2.1.2. Veelzeggend genoeg werden deze conclusies opgenomen in het hoofdstuk over de globale richtsnoeren voor het economisch beleid (artikel 99, lid 2 van het EU-Verdrag, ex artikel 103), wat een duidelijke vingerwijzing is om deze richtsnoeren uit te breiden. De Raad benadrukte ook het effect van de structurele en economische hervormingen op de bestrijding van werkloosheid.

2.1.3. In reactie op de conclusies van de Raad van Cardiff publiceerde de Commissie op 20 januari 1999 een eerste verslag (Cardiff I), en op 17 februari 1999 volgde een tweede verslag (Cardiff II). Op 30 maart keurde de Commissie haar aanbeveling over de globale richtsnoeren voor het economisch beleid goed (COM(1999) 143 def.). Deze omvatten voor het eerst richtsnoeren per lidstaat, die niet alleen op begrotingskwesties, maar ook op de producten- en dienstenmarkten en de arbeidsmarkt betrekking hebben.

2.1.4. In Cardiff I analyseert de Commissie de situatie op de interne markt en stelt zij 16 prioriteiten voor het regelgevingskader van de interne markt voor. De bedoeling hiervan is de markten flexibeler en efficiënter te maken en zo ook de efficiëntie van de Europese economie te vergroten. De Commissie merkt in dit verband op (blz. 4 van de inleiding): "Daarbij wordt niet gestreefd naar de ontmanteling van de nationale voorschriften, maar naar verbetering van de economische efficiëntie van het regelgevingsklimaat".

2.1.5. Cardiff II bevat een samenvatting van een aantal aspecten van de markten voor producten (goederen en diensten) en van de financiële markten die ook in Cardiff I aan de orde komen. Dit verslag gaat echter vooral over de arbeidsmarkt (waarbij de Commissie zich baseert op de verslagen die de lidstaten in het kader van het "Luxemburg-proces" hebben opgesteld) en de overheidsfinanciën, in het bijzonder met betrekking tot de sociale zekerheid en belastingen.

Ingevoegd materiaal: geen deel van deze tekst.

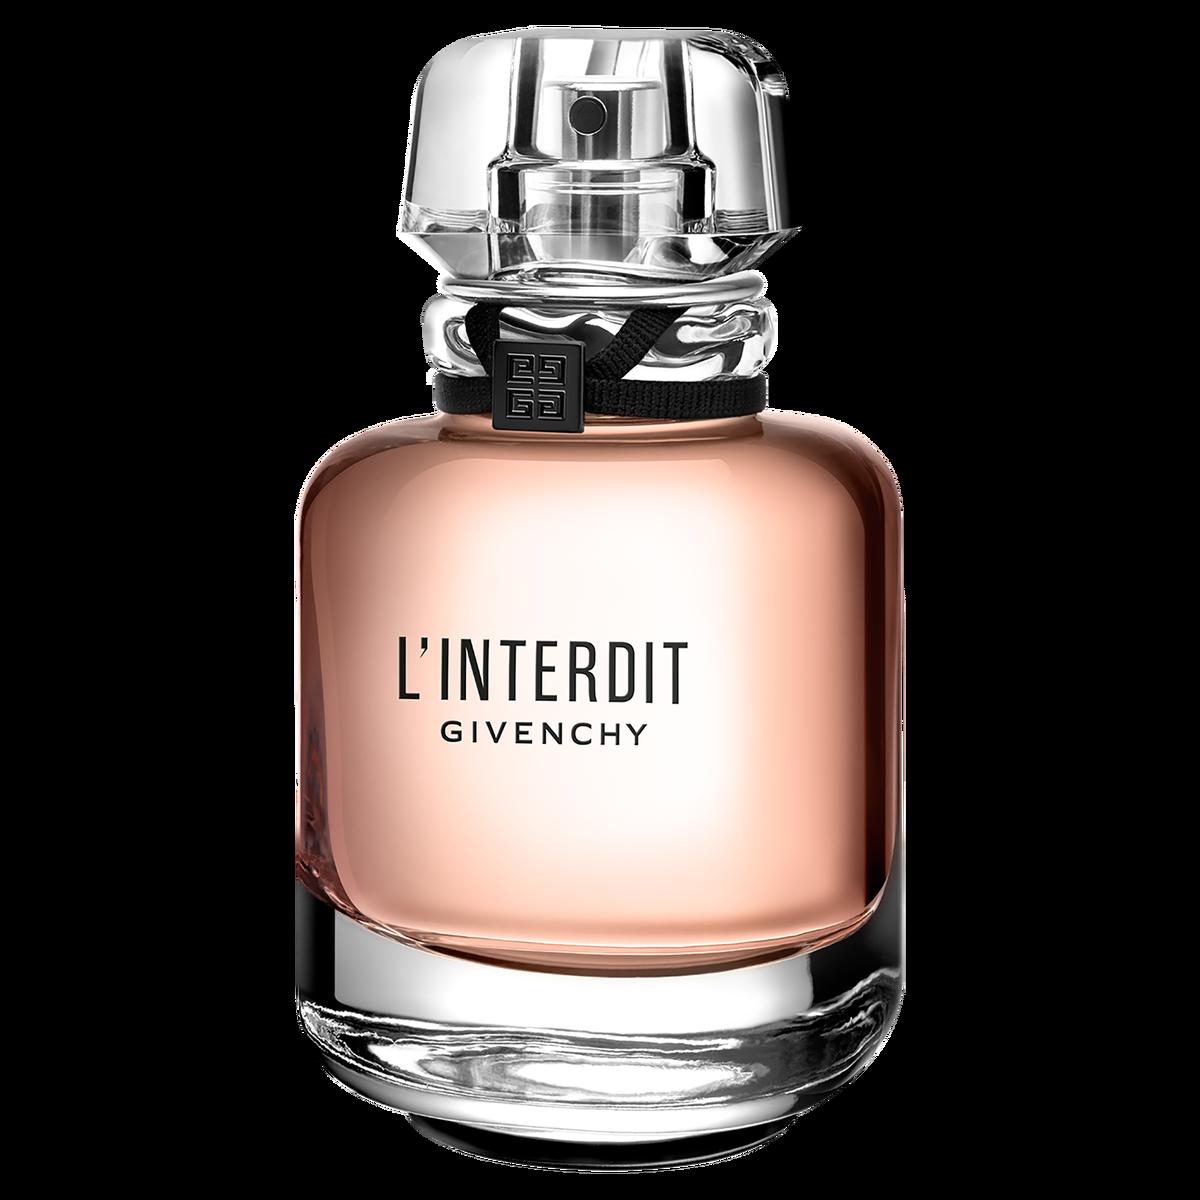 L'INTERDIT GIVENCHY P069002 | Perfume, Perfume chloe
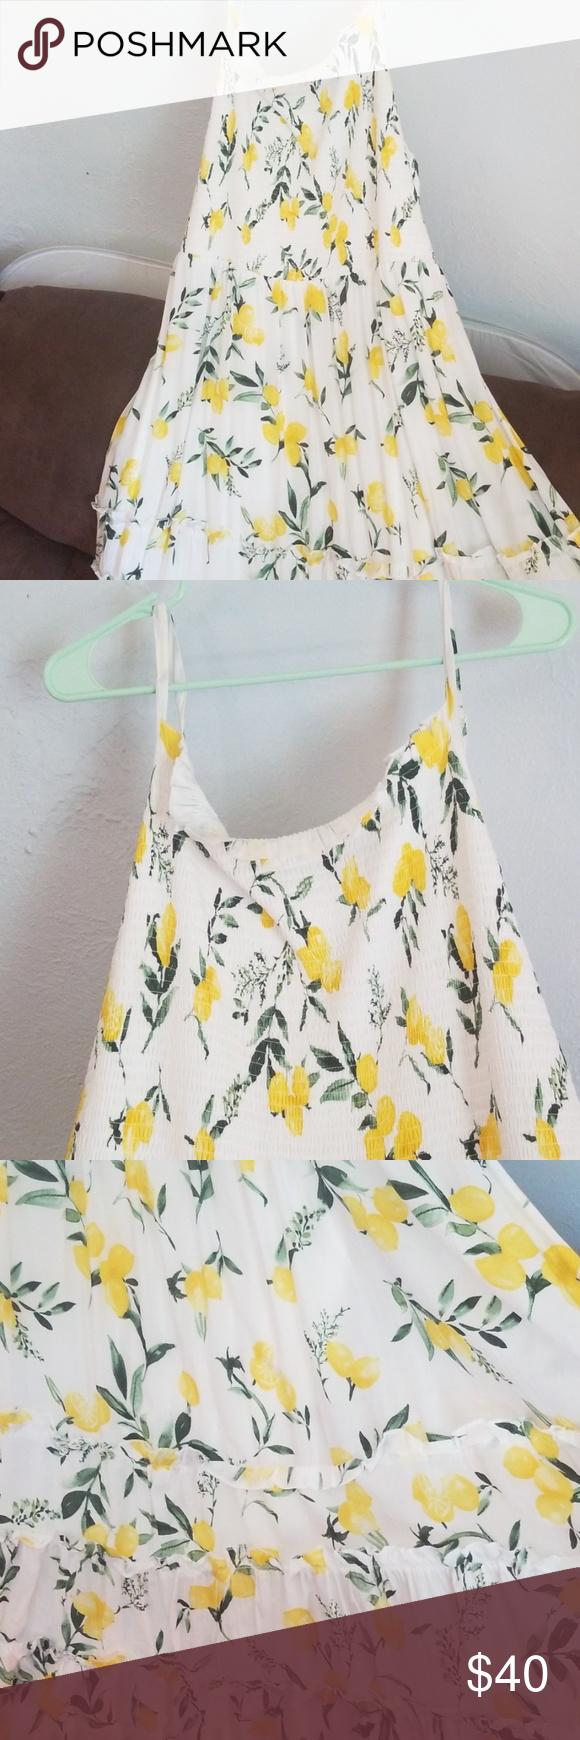 Torrid Size 4 White And Lemon Dress Nwt Lemon Dress Stretchy Tops Torrid Dresses [ 1740 x 580 Pixel ]

2.1.6. Al deze aspecten worden uiteindelijk verwerkt in de aanbeveling van de Commissie over de globale richtsnoeren voor het economisch beleid (artikel 99, lid 2 van het EU-Verdrag, ex artikel 103). Op die manier kan een groot aantal samenhangende kwesties als één geheel worden aangepakt, wat voor de coördinatie van het economisch beleid in de Unie een belangrijke vooruitgang betekent(3).

2.2. Algemene opmerkingen

2.2.1. De verbetering van de economische situatie, de versterking van de economische en sociale samenhang en de toename van de werkgelegenheid in de Unie als gevolg van de in het kader van de interne markt genomen maatregelen wordt in deze verslagen niet in voldoende mate uitgewerkt of aangetoond. De geanalyseerde indicatoren van de economische integratie hebben alleen betrekking op de handel in goederen binnen de EU, de grensoverschrijdende handel in diensten, kapitaalbewegingen en directe buitenlandse investeringen, en het vrije verkeer van werknemers. Vaak zijn herstructureringen van sectoren en ondernemingen, die als voorbeeld van de werking van de interne markt worden genoemd, te verklaren door de economische en vooral de financiële globalisering.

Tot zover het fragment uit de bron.